Pour les juges et les procureurs, la police a forcément les mains sales quand eux, n'ayant pas de mains pour paraphraser Sartre à propos de Camus, auraient toujours l'esprit propre.
Pour les médias, systématiquement, une présomption de culpabilité pèse sur les policiers dont le concours est requis quand cela va mal et qui pour le reste sont vilipendés par principe : on leur donne trop rarement raison dans les gazettes prétendument informées. Ils interviennent trop tôt, trop tard, maladroitement, violemment : une catastrophe permanente!
La parole n'est donnée qu'à ceux qui détestent la police. Il est chic de la salir, vulgaire de la défendre. Personne ne se demande si aux qualités qu'on réclame d'un policier, beaucoup de citoyens seraient capables d'exercer ce beau métier de sauvegarde de la tranquillité publique.

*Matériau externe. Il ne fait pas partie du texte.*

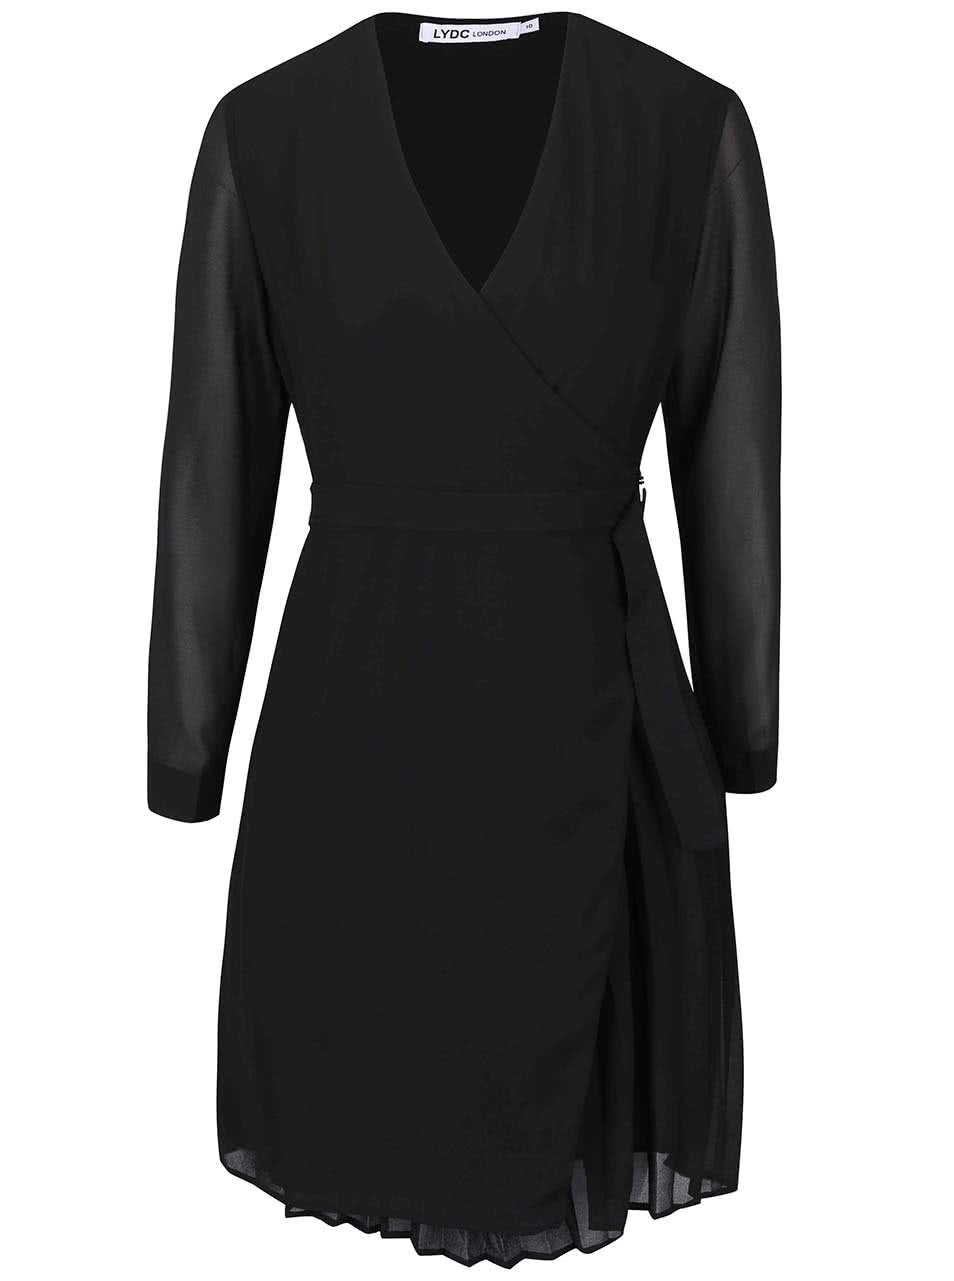 Černé zavinovací šaty s dlouhým rukávem LYDC

Gardiens de la paix, pourtant, quelle splendide mission prise à la lettre !
Pour guérir ce flic blues, il faudra bien plus qu'un grand ministre de l'Intérieur.
Et l'on parlait de blues...
Alors que les budgets baissent terriblement, peut-être devrait-on passer au requiem :( .
Rédigé par : Surcouf | 22 février 2013 à 20:47
Encore deux policiers tués et un troisième entre la vie et la mort parce qu'une racaille alcoolisée et sans permis qui conduisait à toute allure pour tenter d'échapper à un contrôle a percuté volontairement la voiture de la bac 75 qui s'était interposée en roulant au ralenti. Un individu bien connu des services de police qui n'en doutons pas va s'en tirer avec tout au plus dix ans ferme et sera relâché au bout de cinq.
Ce qui fait deux familles en deuil, trois enfants qui n'ont plus de papa et peut-être d'autres si le policier blessé, dont l'état est jugé très alarmant, succombe à ses blessures.
Rédigé par : Mary Preud'homme | 21 février 2013 à 18:43
Du réchauffé, mais le blues existe aussi dans ce genre de service qui attend de la part de sa hiérarchie et des autorités une forme de reconnaissance professionnelle et pas seulement de façon financière mais plutôt en tant que perspectives de carrière.
Le fait de "partir" à l'informatique vous décorrèle du terrain d'une certaine manière et c'est préjudiciable pour la montée en grade par exemple.
Rédigé par : Surcouf @ Mary Preud'homme | 18 février 2013 à 19:00
Rédigé par : Mary Preud'homme @ Surcouf qui nous sert du réchauffé ! | 17 février 2013 à 20:49
Je prefere encore consommer un mets rechauffe plutot que de la soupe a la grimace !
Rédigé par : Valerie | 18 février 2013 à 17:13
Je ne m’intéresse pas particulièrement aux systèmes informatiques de la police ou de la gendarmerie. Et encore moins de la maintenance opérée par des sociétés privées. Quel rapport avec le sujet du billet ?
Tout ce que je sais c’est que le StSI2 que vous évoquez a pour principal objectif la coordination des systèmes d’information de la police et de la gendarmerie. Ce qui est plutôt une bonne chose.
Rédigé par : Mary Preud'homme @ Surcouf qui nous sert du réchauffé ! | 17 février 2013 à 20:49
Certes, j'entends bien mais combien de développeurs, de chefs de projet, de spécialistes réseaux ?
Pas tant que ça si on compare avec les gendarmes.
A ma connaissance le gros pôle informatique se trouve à Issy-les-Moulineaux au ST(SI)² (service des technologies et des systèmes d'information de la sécurité intérieure).
Il y a là 450 personnes mais seulement une centaine de policiers.
Rédigé par : Surcouf @ Mary Preud'homme | 17 février 2013 à 16:12
Vos amis gendarmes ou policiers vous ont manifestement mal renseigné.
Je vous signale en effet qu'il existe au sein de la Police nationale un service hautement spécialisé en cybercriminalité, l'OCLCTIC, lequel service est placé sous la dépendance de la Police judiciaire (voir décret n° 200-405 du 15 mai 2000). Service auquel sont rattachées les unités spécialisées en la matière de la gendarmerie nationale et des douanes et qui peut même travailler dans certains en association avec d'autres ministères comme ceux de la Justice ou de l'Economie et des Finances.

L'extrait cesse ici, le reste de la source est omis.